Concurrency is an essential part of modern programming because we have multiple cores and many tasks that require collaboration. However, when concurrent programs do not run sequentially, it is difficult to understand them. For engineers, finding bug and performance problems in these programs is not as easy as in single-threaded, single-tasking programs.
In Python, you have a variety of concurrency options. Probably the most common are multithreading with threading modules, multiprocesses with subprocess and multiprocessing modules, and recently the async syntax provided with asyncio modules.

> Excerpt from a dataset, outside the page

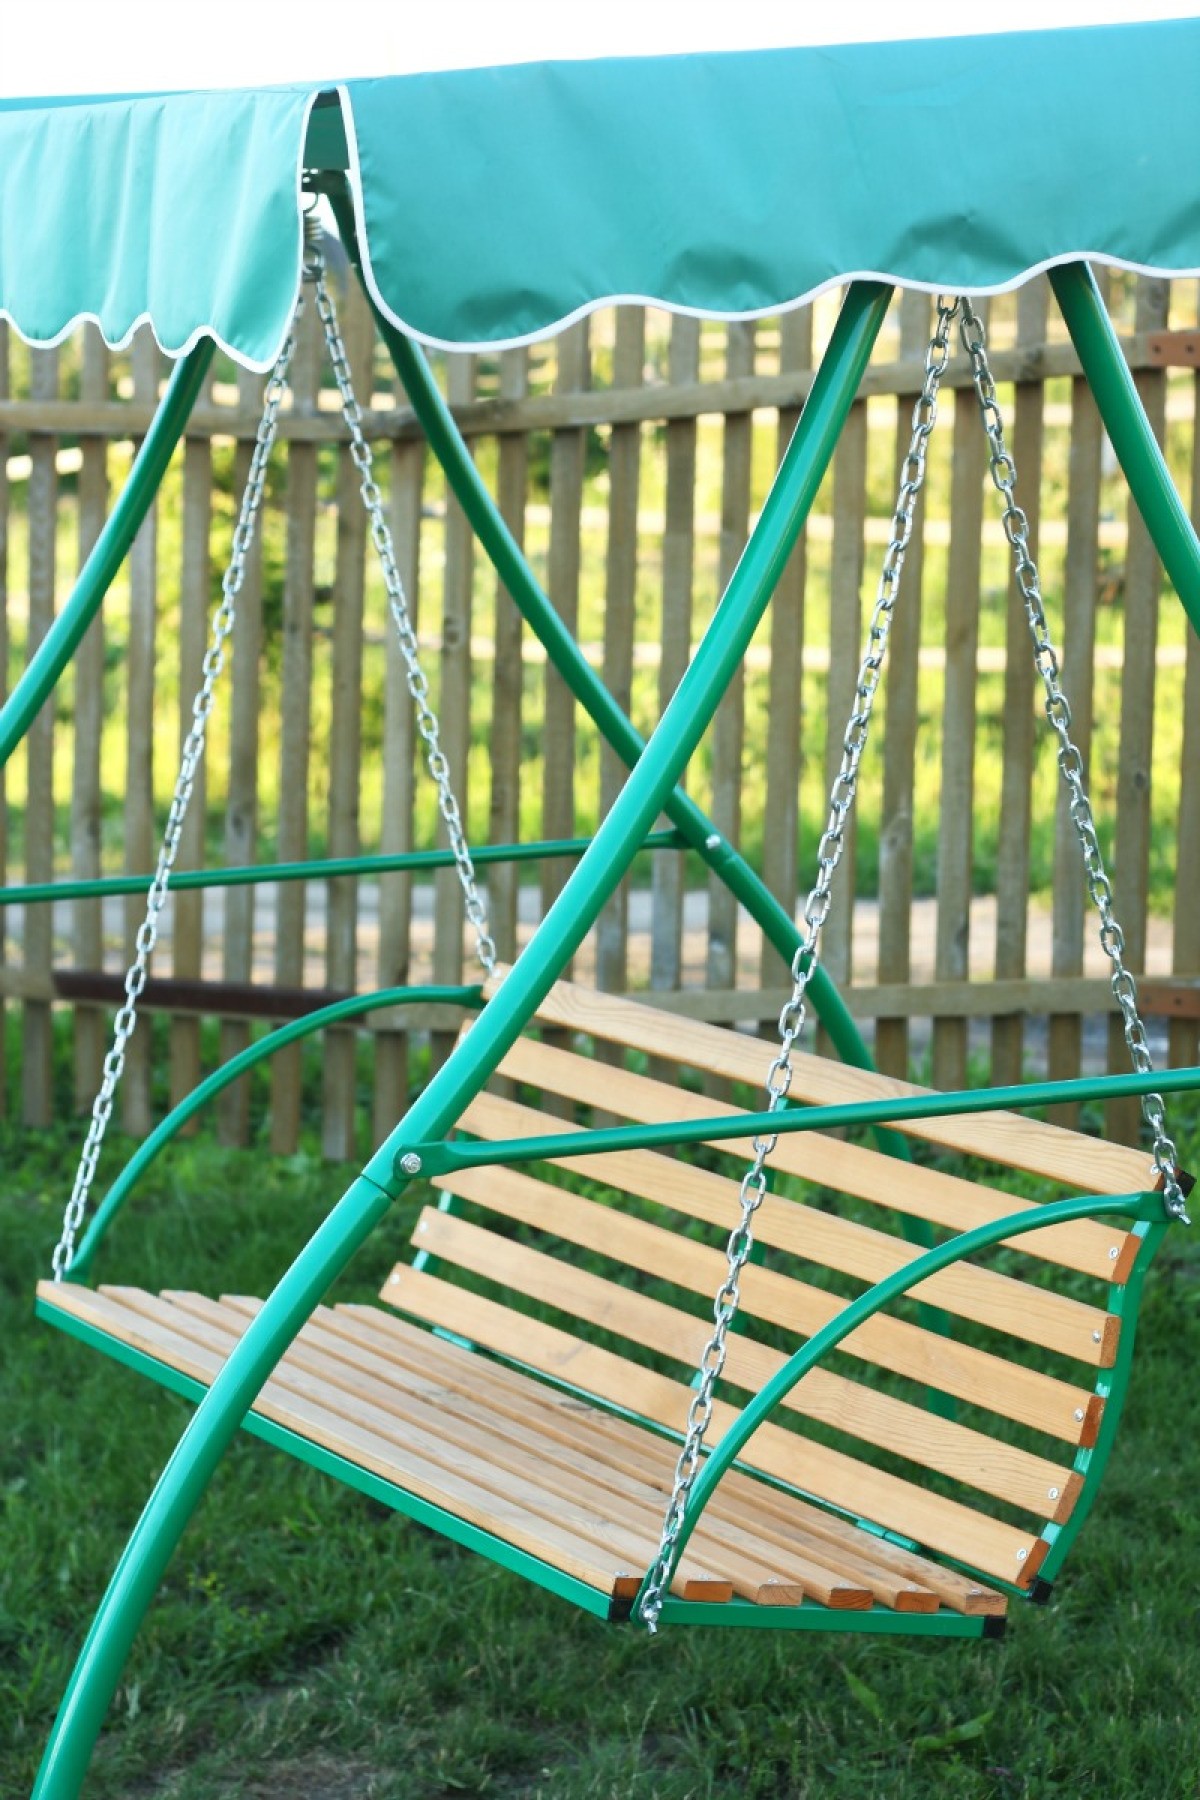 Replacing The Canopy On A Patio Swing, Replacement Material For Patio Swing

Prior to VizTracer, there was a lack of tools to analyze programs that used these technologies.
VizTracer is a tool for tracking and visualizing Python programs, which is very helpful for logging, debugging, and profiling. Although it is easy to use for single-threaded and single-task programs, its practicability in concurrent programs is its unique feature.
Try a simple task
Start with a simple exercise task: calculate whether the integers in an array are prime and return a Boolean array. Here is a simple solution:
Def is_prime (n): for i in range (2, n): if n% I = 0: return False return True def get_prime_arr (arr): return [is_prime (elem) for elem in arr]
Try to run it properly in a single thread with VizTracer:
If _ _ name__ = "_ _ main__": num_arr = [random.randint (100,10000) for _ in range (6000)] get_prime_arr (num_arr) viztracer my_program.py
Running code in a single thread
The call stack report shows that it takes about 140ms, and most of the time is spent on get_prime_arr.
Call-stack report
This just executes the is_prime function over and over again on the elements in the array.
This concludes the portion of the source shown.